California one of few states requiring timely reporting of medical errors

After errors causing the deaths of two patients, in 2007 California passed tough laws backed by substantial fines requiring hospitals to promptly report serious medical errors. California is one of only five states with laws requiring public reporting of errors including the health facilities responsible. -DB

San Francisco Chronicle
August 9, 2009
By Lance Williams

In the summer of 2005, a 12-year-old girl with pneumonia died at the Kaiser hospital in Santa Clara when nurses accidentally gave her a fatal dose of the powerful stimulant epinephrine.

A month later, at the Kaiser hospital in nearby San Jose, a 21-year-old cancer patient was killed when his doctor mistakenly injected his spine with the wrong chemotherapy drug.

The fatal mistakes moved state Sen. Elaine Alquist, D-San Jose, to write three related measures that have transformed California’s system for monitoring medical errors in hospitals – and toughened fines when egregious mistakes occur.

Under the terms of the new laws, hospitals must make prompt reports to the state health department whenever serious medical errors occur. Within 48 hours, the health department must investigate.

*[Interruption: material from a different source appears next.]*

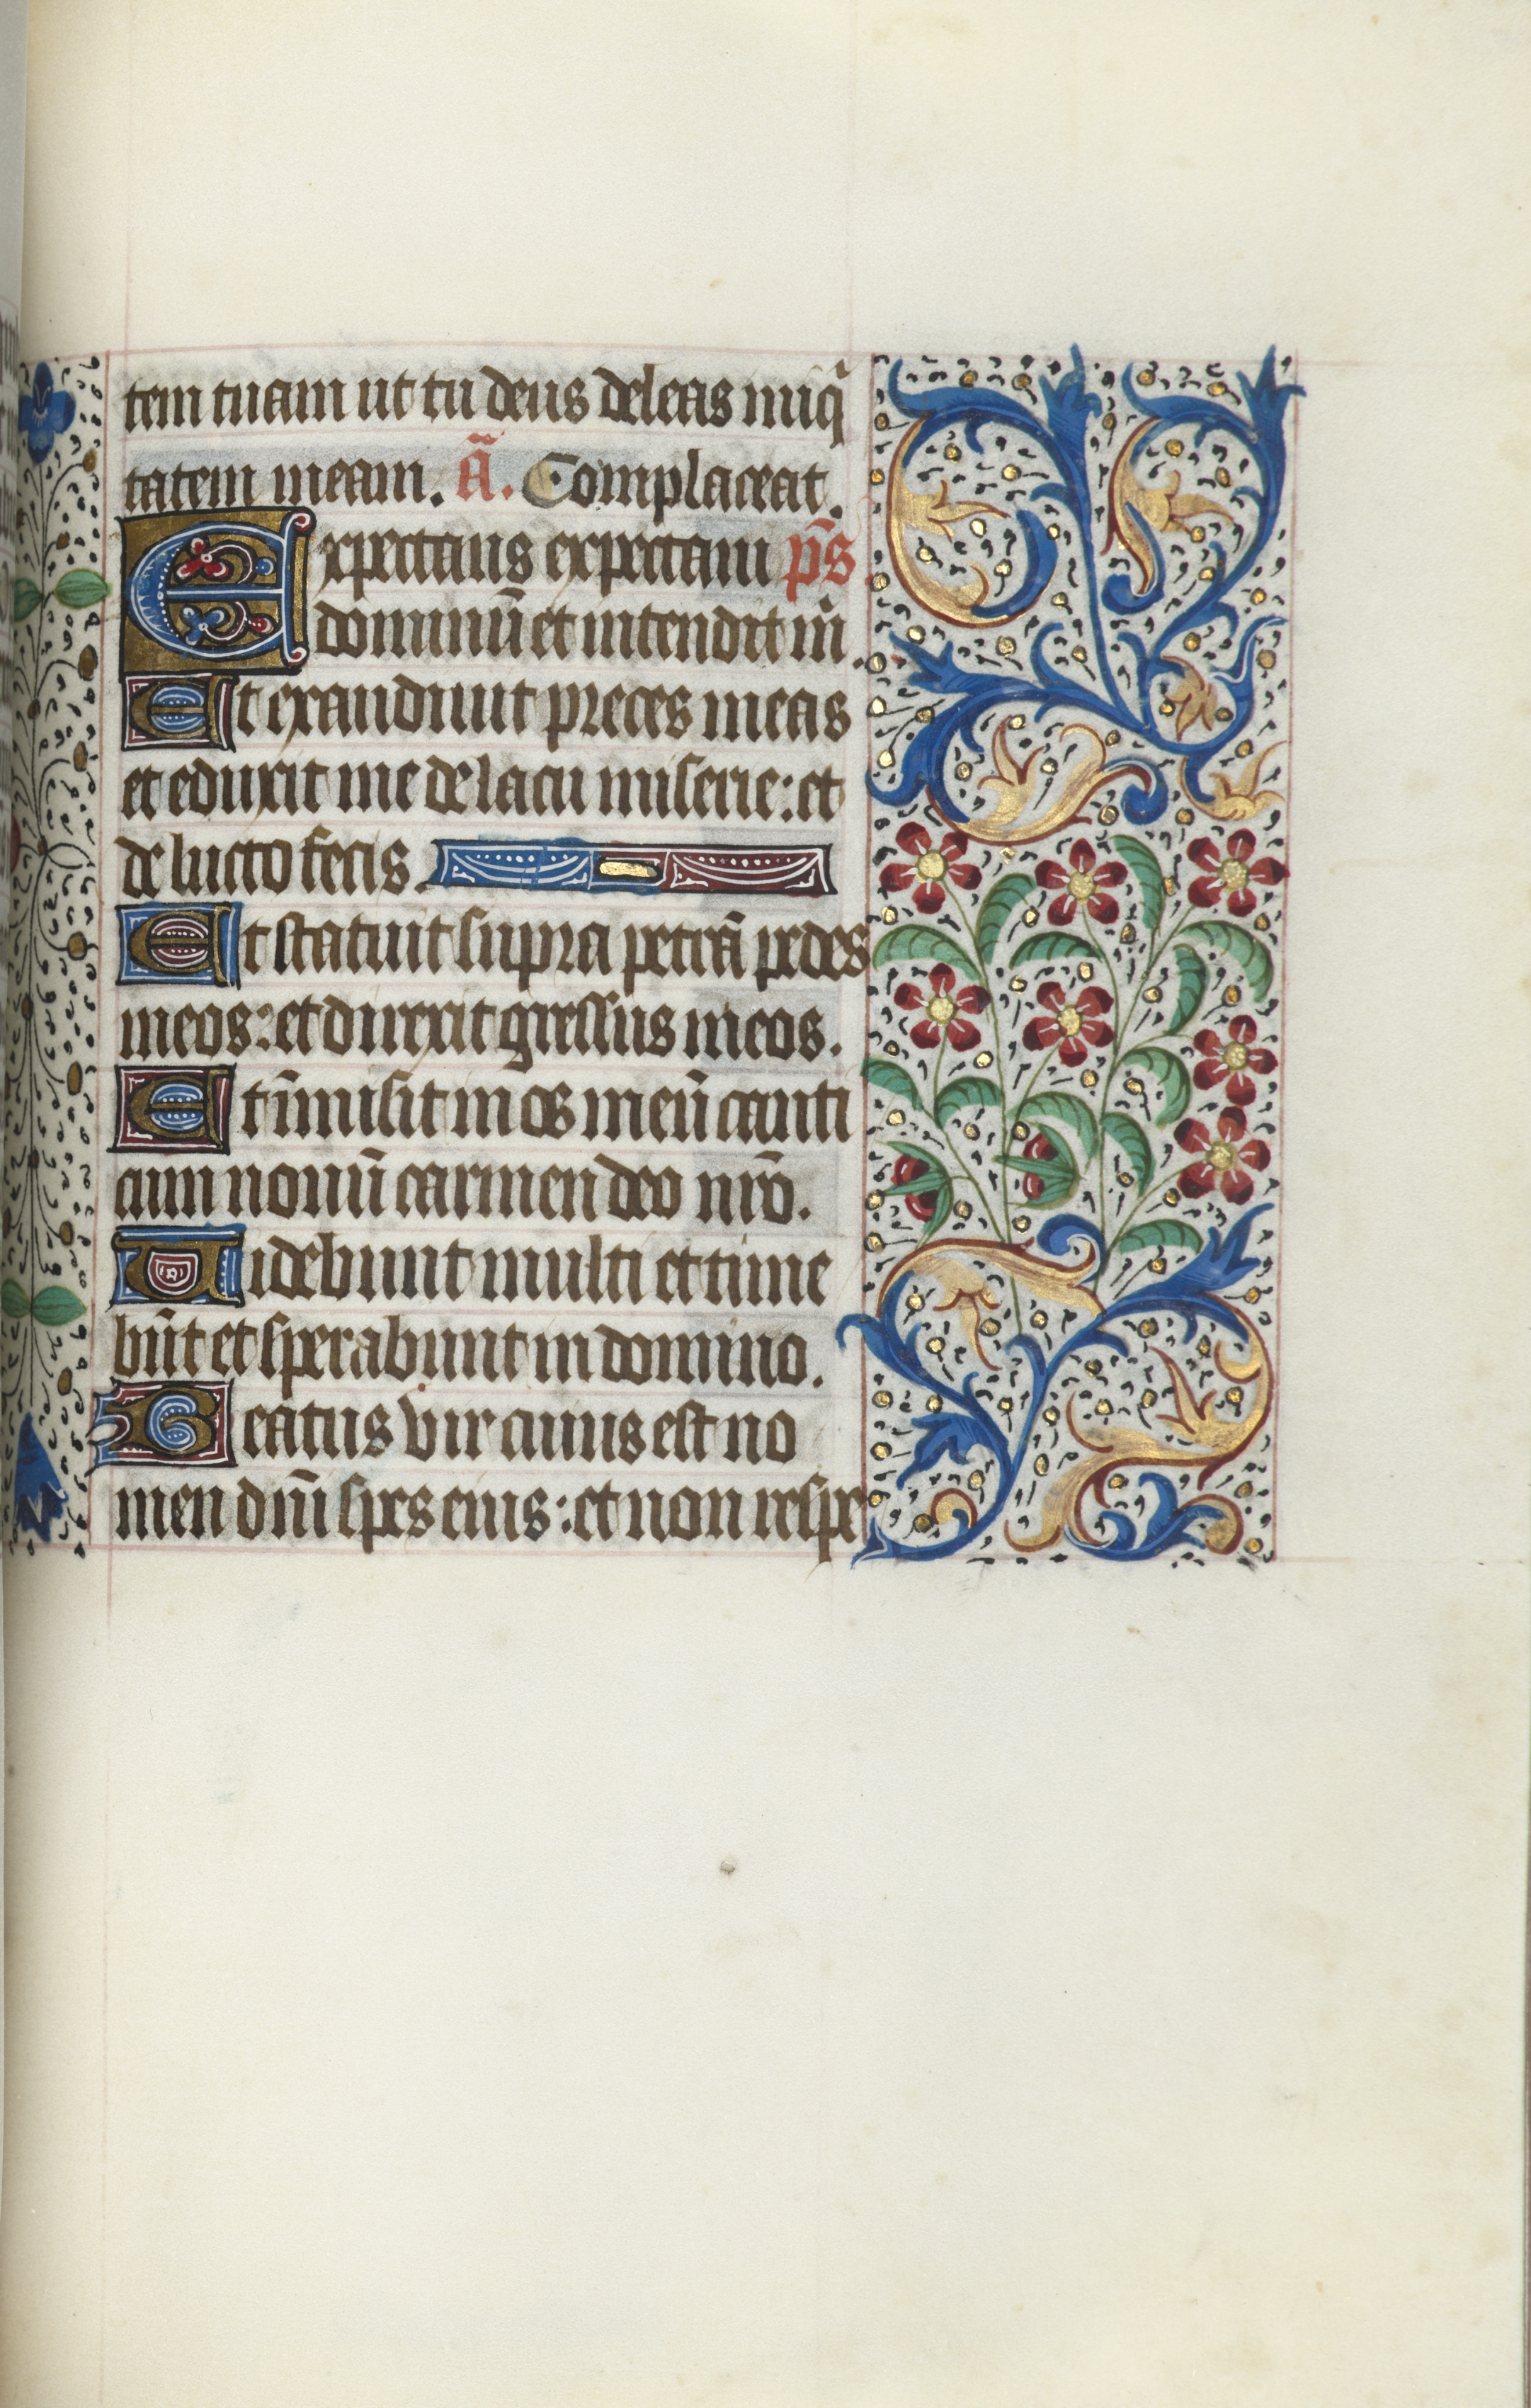 Book of Hours (Use of Rouen): fol. 125r

For the first time, the laws have imposed a sense of urgency about dealing with bad hospital mistakes. Before the laws went into effect in 2007, the state set no hard deadlines for reporting or investigating hospital errors. As a result, hospitals often delayed reporting egregious mistakes for months, and many errors were never investigated at all, experts say.

The new laws also dramatically increased fines for hospital errors that posed “an immediate jeopardy to the health or safety of a patient.” Before, fines were as little as $50 per incident. The new laws increased fines to $25,000 per incident starting in 2007, then raised them to $100,000 this year.

Alquist said the deaths in hospitals in her district sensitized her to the chronic problem of medical errors statewide.

“People are dying when they shouldn’t be dying,” she said. “The wrong limb is cut off. Patients are administered the wrong medications, or they’re given a huge overdose, or – and it’s really spooky – people stay awake during surgery” because anesthetic is improperly administered.

“This should not be happening in California,” she said.

7 fines in 2 years

In the two years since the measures went into effect, the state imposed 87 fines of $25,000 each on hospitals where serious medical errors had occurred, records show.

Most fines were levied because patients were given the wrong amount or type of medication. But hospitals also were fined for incidents in which patients remained awake during surgery, had difficulty breathing because of ventilator malfunctions, or went home after surgery with a towel or other foreign object sutured inside them by mistake.

In the Bay Area, fines were levied in the deaths of five patients.

Doctors Medical Center in San Pablo was fined for failing to provide proper treatment to a diabetic patient who died of hypoglycemia. It was fined again because a nurse improperly inserted an IV catheter into a patient’s vein; an air embolism caused a fatal heart attack.

Washington Hospital in Fremont was fined because an elderly heart patient died when nurses mistakenly gave her methadone that had been prescribed for somebody else. Kaiser hospital in San Jose was fined because a patient with diabetes and dangerously high blood sugar died untreated in the emergency room.

And the Kaiser hospital in Santa Clara was fined after a premature baby was given an overdose of two medications. The overdoses occurred because the substances had been improperly labeled during repackaging by the hospital’s pharmacy. The baby died.

In all, hospitals have reported more than 1,000 errors since the laws went into effect. The statute specifies 27 types of hospital errors that must be reported.

Experts call them “never events” because they are events with such serious consequences that experts say they should never happen. The list was compiled for Alquist by the National Quality Forum, a health care lobby.

High error rate in s.f.

According to state records, San Francisco’s hospitals have a high rate of medical errors – 253 “adverse events” over a two-year period ending in April, second only to those in Los Angeles County, which reported 392 events.

When the totals are adjusted for hospital population, San Francisco had the highest reported medical error rate in California – 1 event for every 282 patients discharged per year.

Some experts, however, suspect the data simply give a picture of how seriously hospitals take their reporting responsibilities.

Failure to report an error brings fines of $100 per day. Hospitals that fail to report can also face loss of their licenses.

But in fact, no fines have been levied for late reporting.

According to state records, of California’s 58 counties, 14 reported no hospital errors at all in the past two years. The most populous among them was Merced County in the Central Valley.